* The problem
Nothing but the lines from the one containing "Close-up image of" to the end of the data should be copied, exactly, and the pictures stay out.

* Supplied material
::::::::::

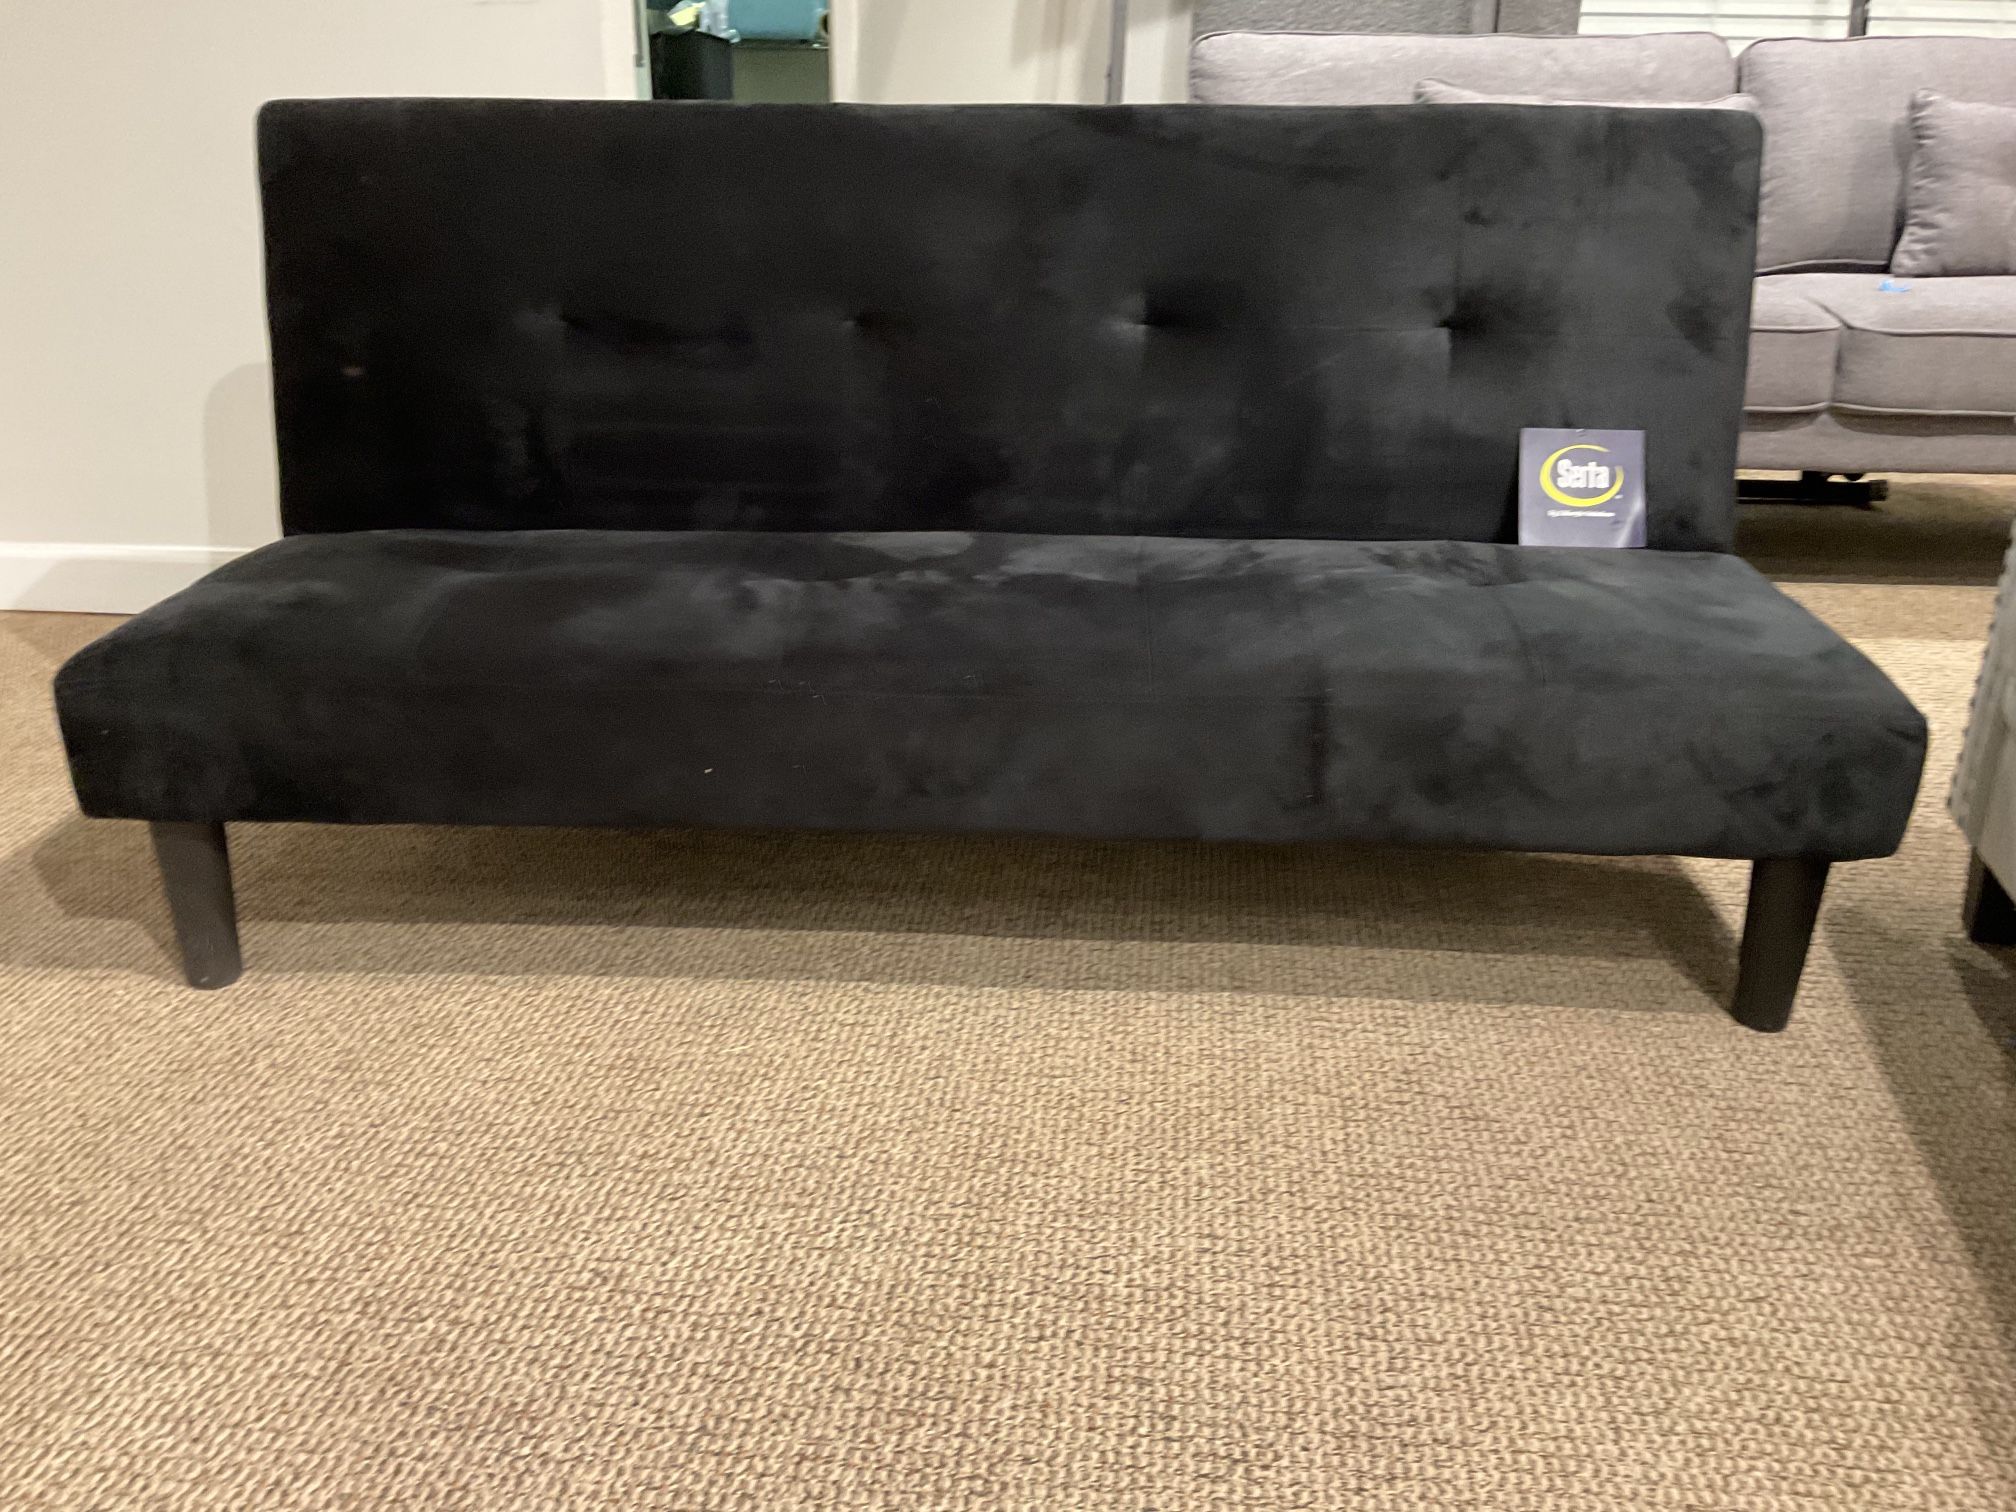 New Futon black color fabric upholstered
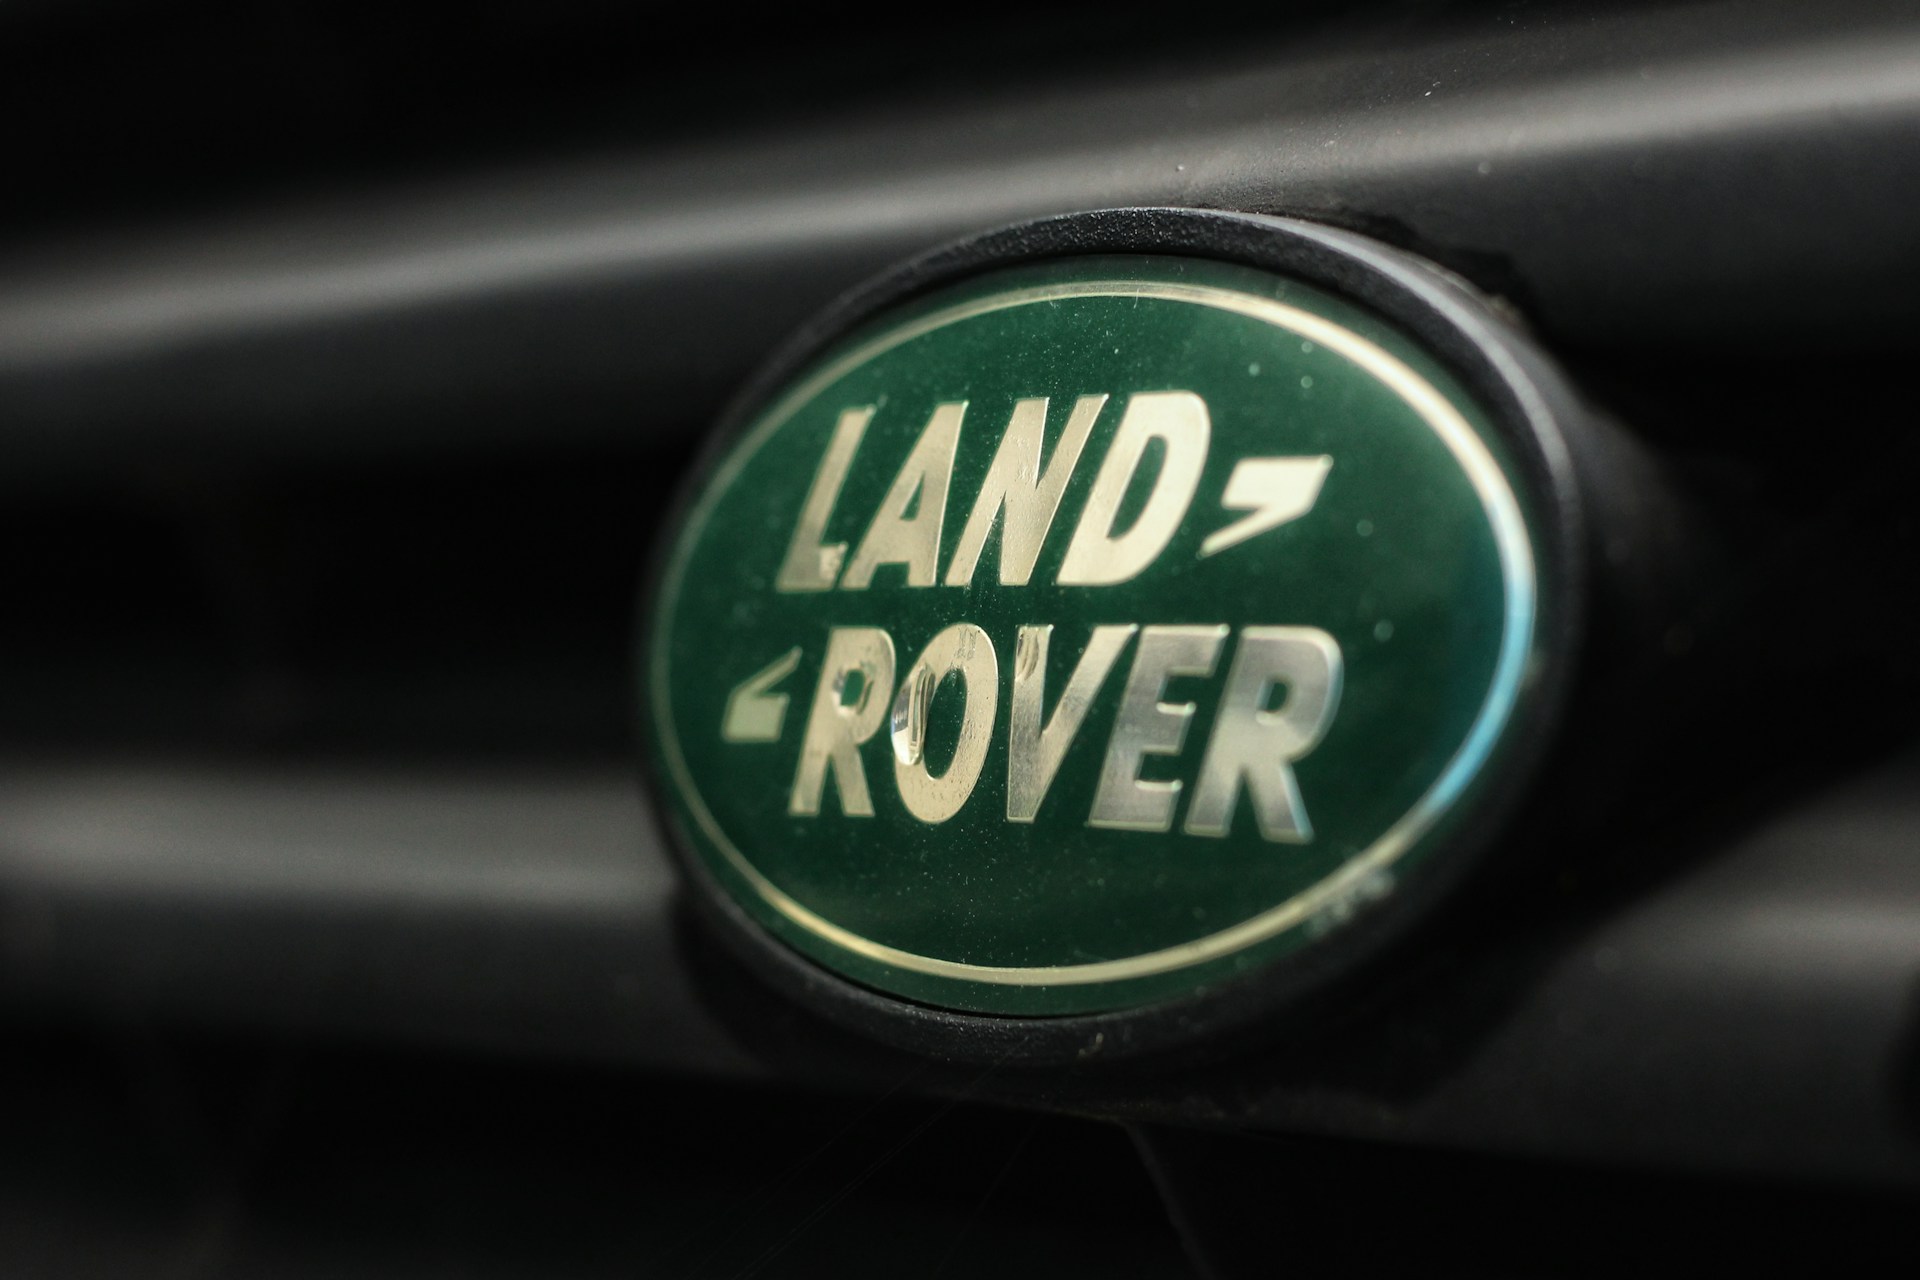 Close-up image of the Land Rover logo, featuring the words "LAND" above "ROVER" in a bold, serif font.
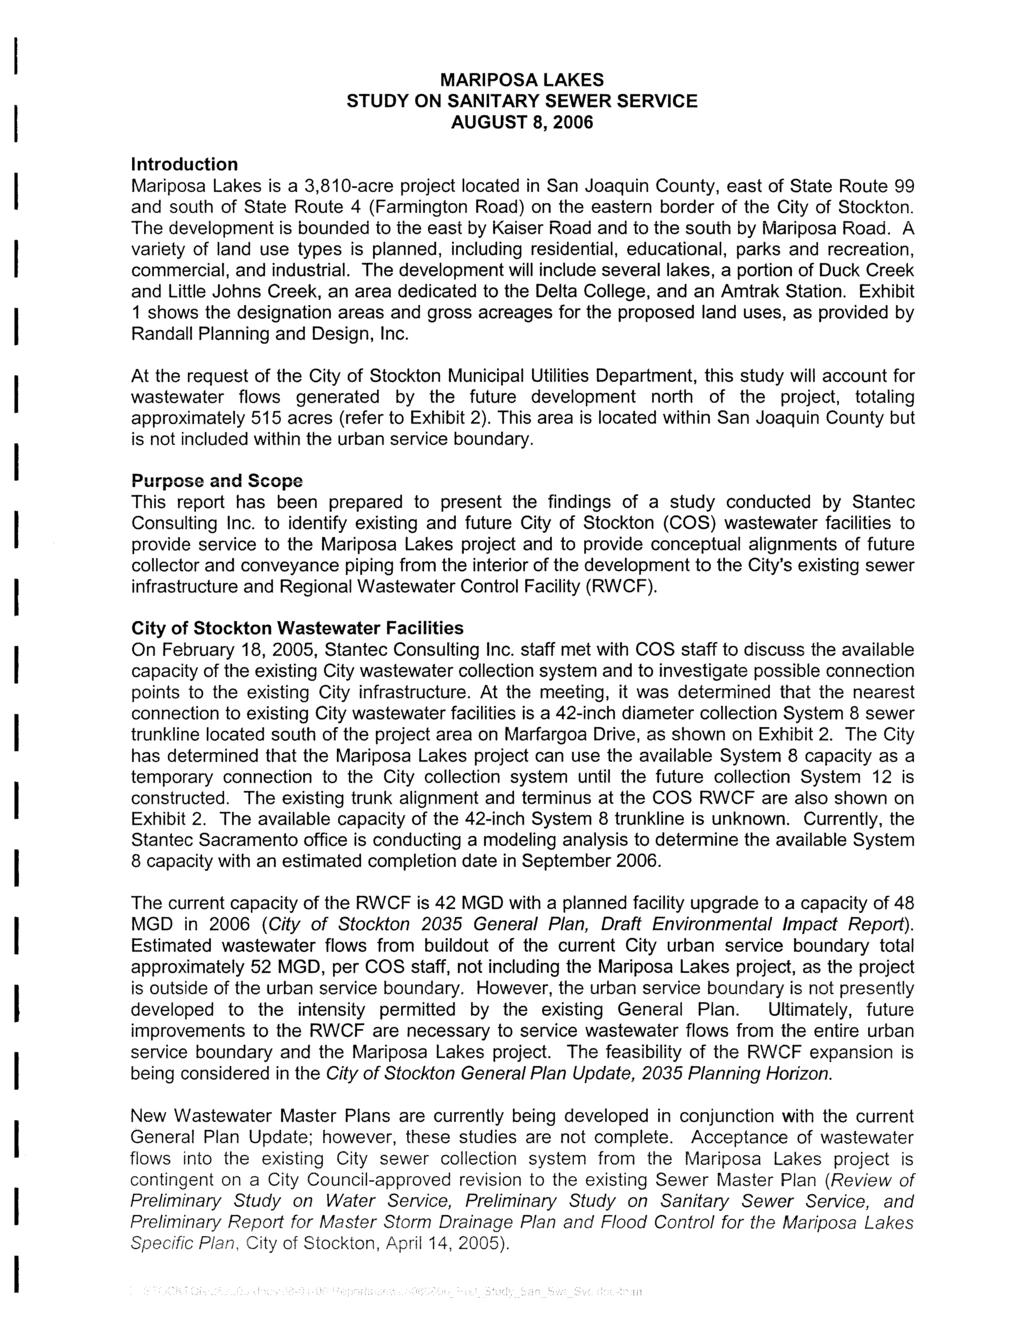 MARIPOSA LAKES STUDY ON SANITARY SEWER SERVICE AUGUST 8,2006 Introduction Mariposa Lakes is a 3,810-acre project located in San Joaquin County, east of State Route 99 and south of State Route 4

::::::::::

* Exercise answer
 Close-up image of the Land Rover logo, featuring the words "LAND" above "ROVER" in a bold, serif font.
 MARIPOSA LAKES STUDY ON SANITARY SEWER SERVICE AUGUST 8,2006 Introduction Mariposa Lakes is a 3,810-acre project located in San Joaquin County, east of State Route 99 and south of State Route 4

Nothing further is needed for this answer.